The Court finds that Plaintiff has not sufficiently pled facts to support a claim that CarMax breached its implied warranty. Plaintiff purchased the vehicle from CarMax on March 2, 2012. The Complaint alleges that shortly after purchasing the vehicle, she experienced problems with the air conditioning. (ECF No. 1-2 ¶ 32). The Complaint does not state precisely when these problems began to occur. Plaintiff does not allege that she experienced any problems with the usability of the vehicle until September, 2012, when "the vehicle would not start and was undrivable." Id. September, 2012 is six months after Plaintiff purchased the vehicle - three months after the implied warranty period expired. September, 2012 is outside the "30 day/1, 000 mile express and implied warranty" that Plaintiff states she received from CarMax. The Complaint fails to allege sufficient facts to support a claim that CarMax has breached its implied warranty of merchantability.
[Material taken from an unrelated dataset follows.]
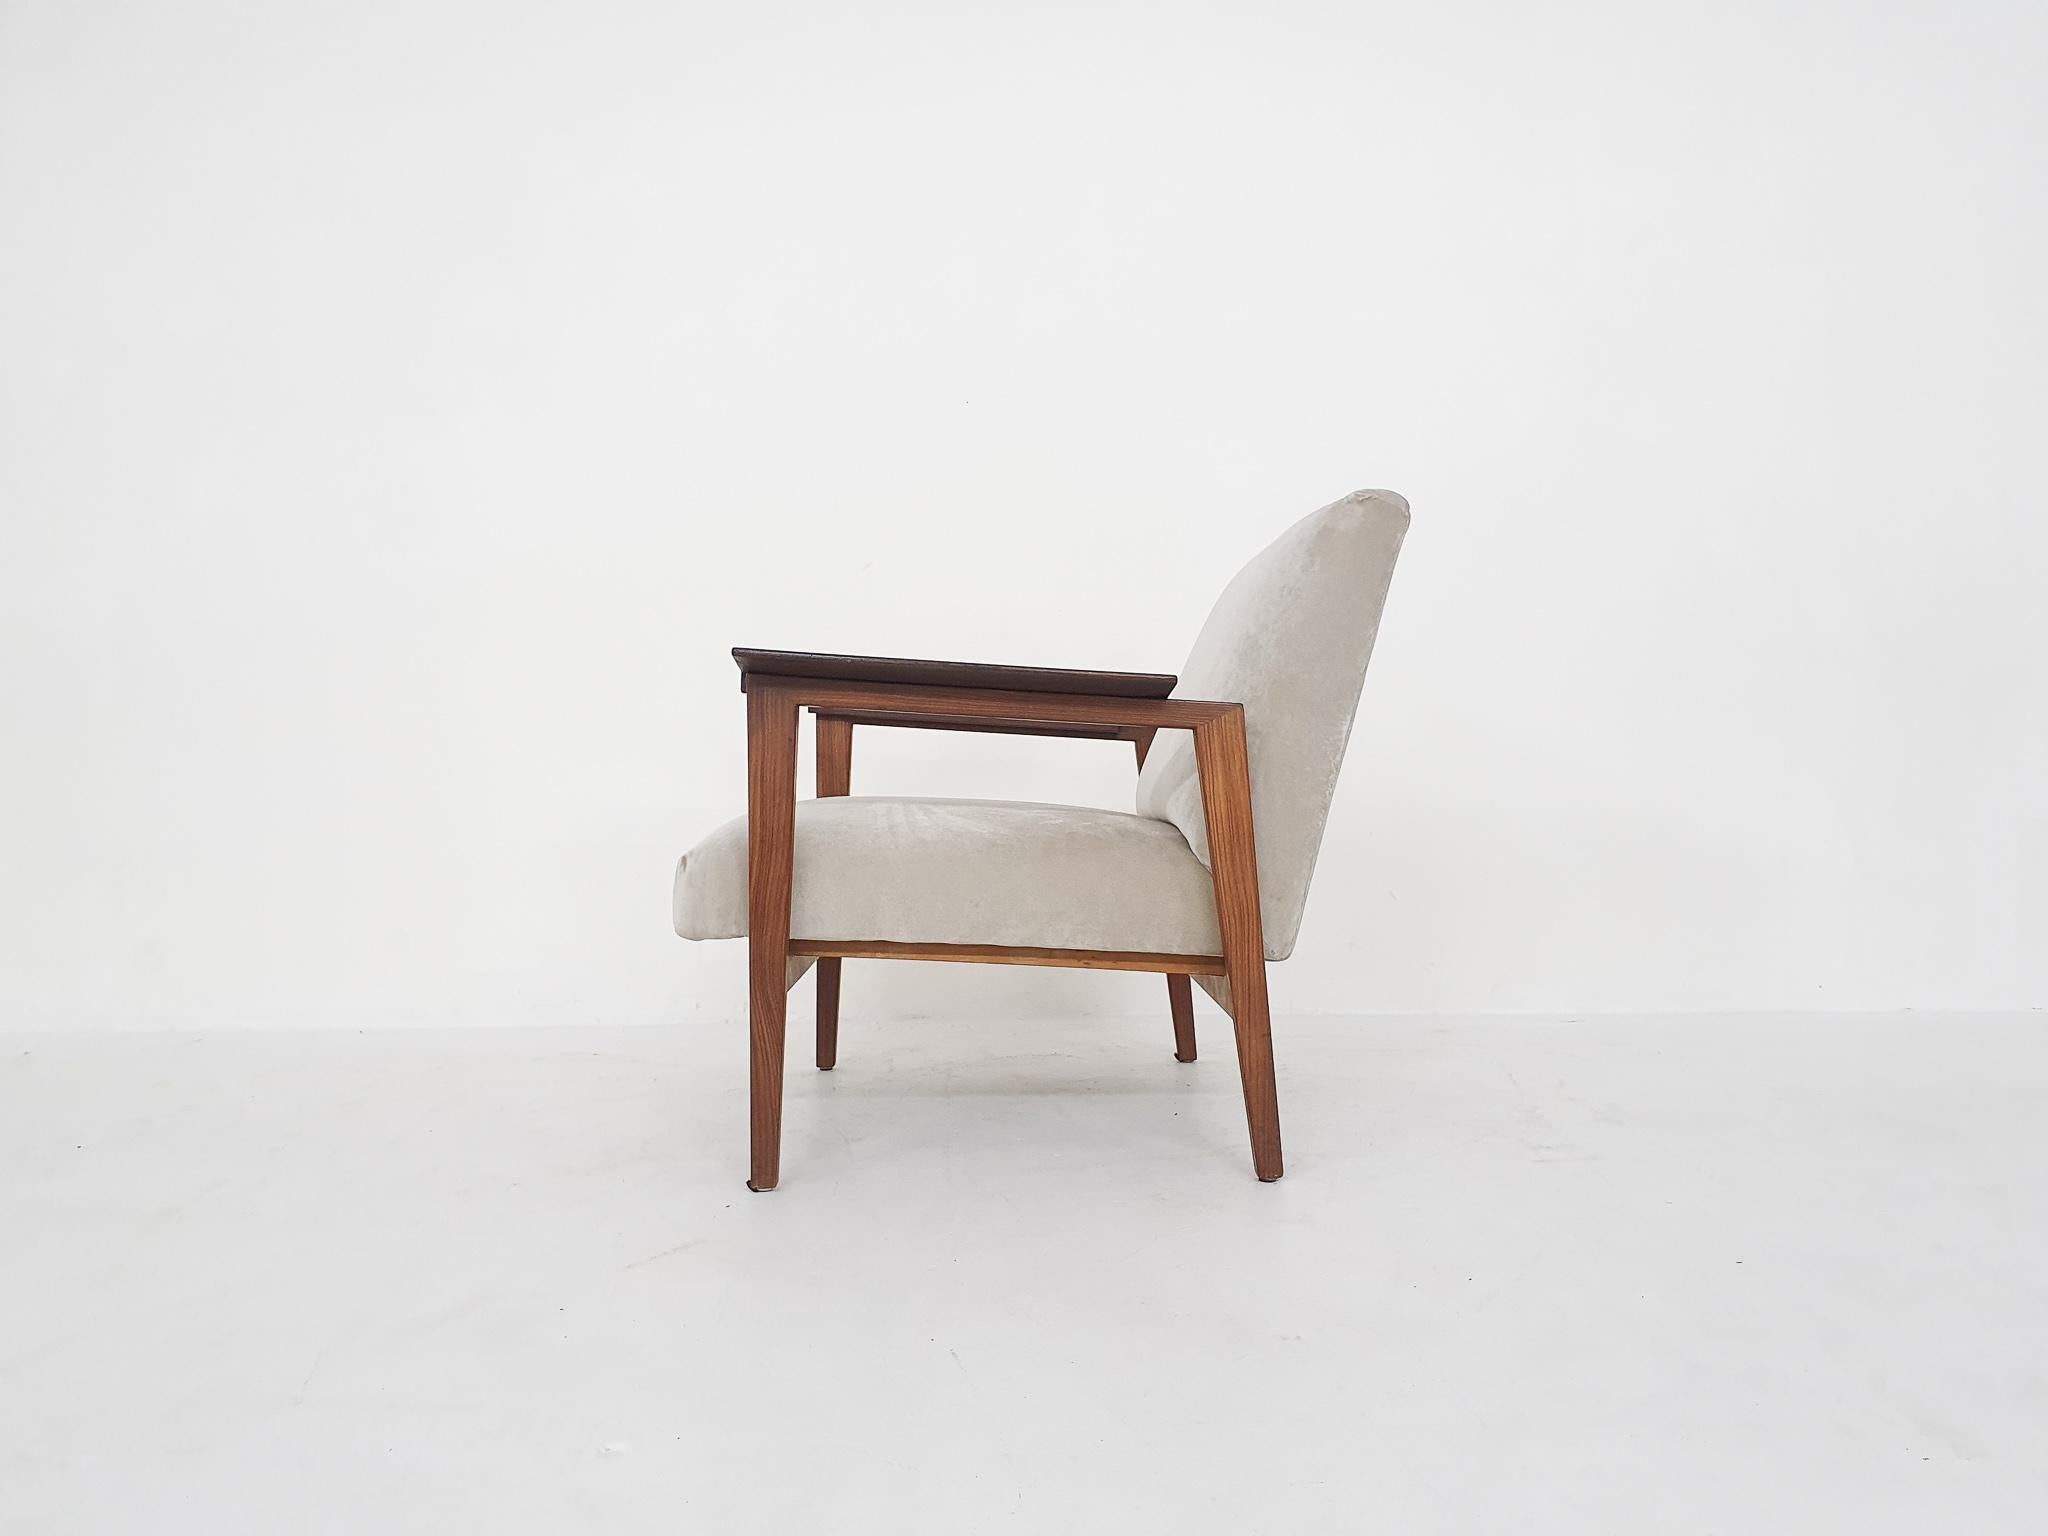 Teak lounge chair from the 1960's with new beige velvet upholstery.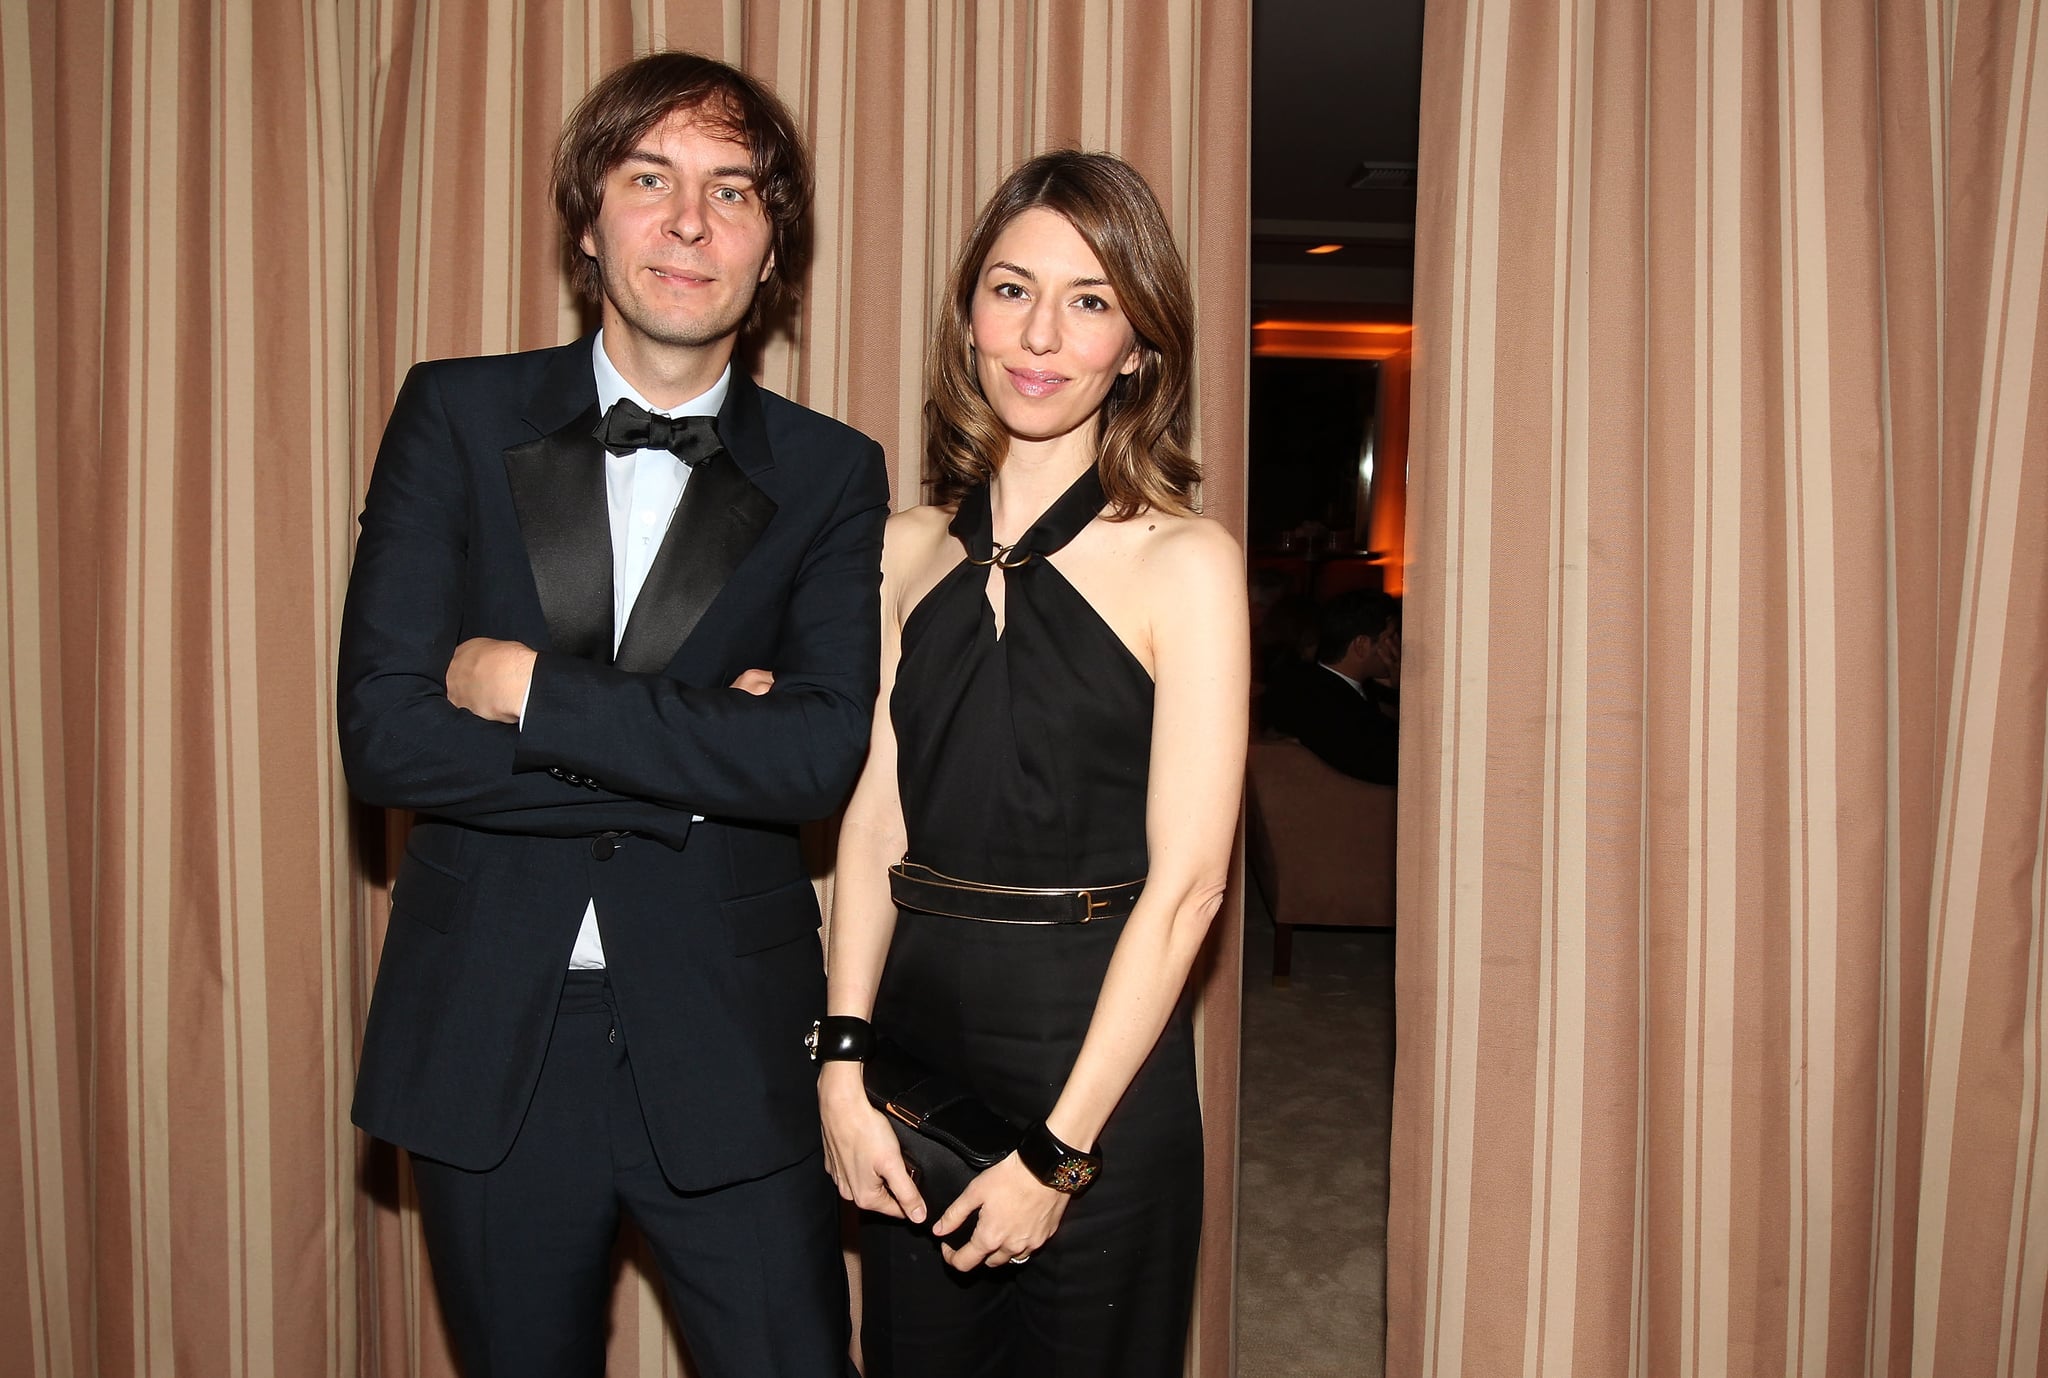 WEST HOLLYWOOD, CA - FEBRUARY 26:  (EXCLUSIVE ACCESS SPECIAL RATES APPLY; NO NORTH AMERICAN ON-AIR BROADCAST UNTIL MARCH 1, 2012) Thomas Mars and Sofia Coppola  attend the 2012 Vanity Fair Oscar Party Hosted By Graydon Carter at Sunset Tower on February 26, 2012 in West Hollywood, California.  (Photo by Christopher Polk/VF12/WireImage)

D. Vehicle Code § 11711 as to Safeco

Plaintiff contends that CarMax obtained a surety bond from Defendant Safeco in the amount of $50, 000. (ECF No. 1-2 ¶ 100). Plaintiff contends that pursuant to California Vehicle Code § 11711, Safeco "is liable under the bond to CarMax, based on the fraud of CarMax, in the amount of the purchase price of the vehicle...." Id. ¶ 106. The Court finds that the Complaint fails to allege that CarMax committed any fraud, and therefore Plaintiff's claim under Vehicle Code § 11711 must be dismissed.

III. Motion to Strike

Defendants moves to strike various portions of the Complaint as redundant, immaterial and/or contrary to law pursuant to Federal Rule of Civil Procedure 12(f). (ECF No. 6-1 at 9). Because the Court dismisses the Complaint in its entirety, the Motion to Strike is denied as moot.

IV. Conclusion

IT IS HEREBY ORDERED that the Motion to Dismiss (ECF No. 5) is GRANTED, and the Motion to Strike (ECF No. 6) is DENIED as moot. The Complaint is DISMISSED in its entirety without prejudice. Plaintiff shall file any motion for leave to amend Complaint within thirty (30) days from the date this Order is filed.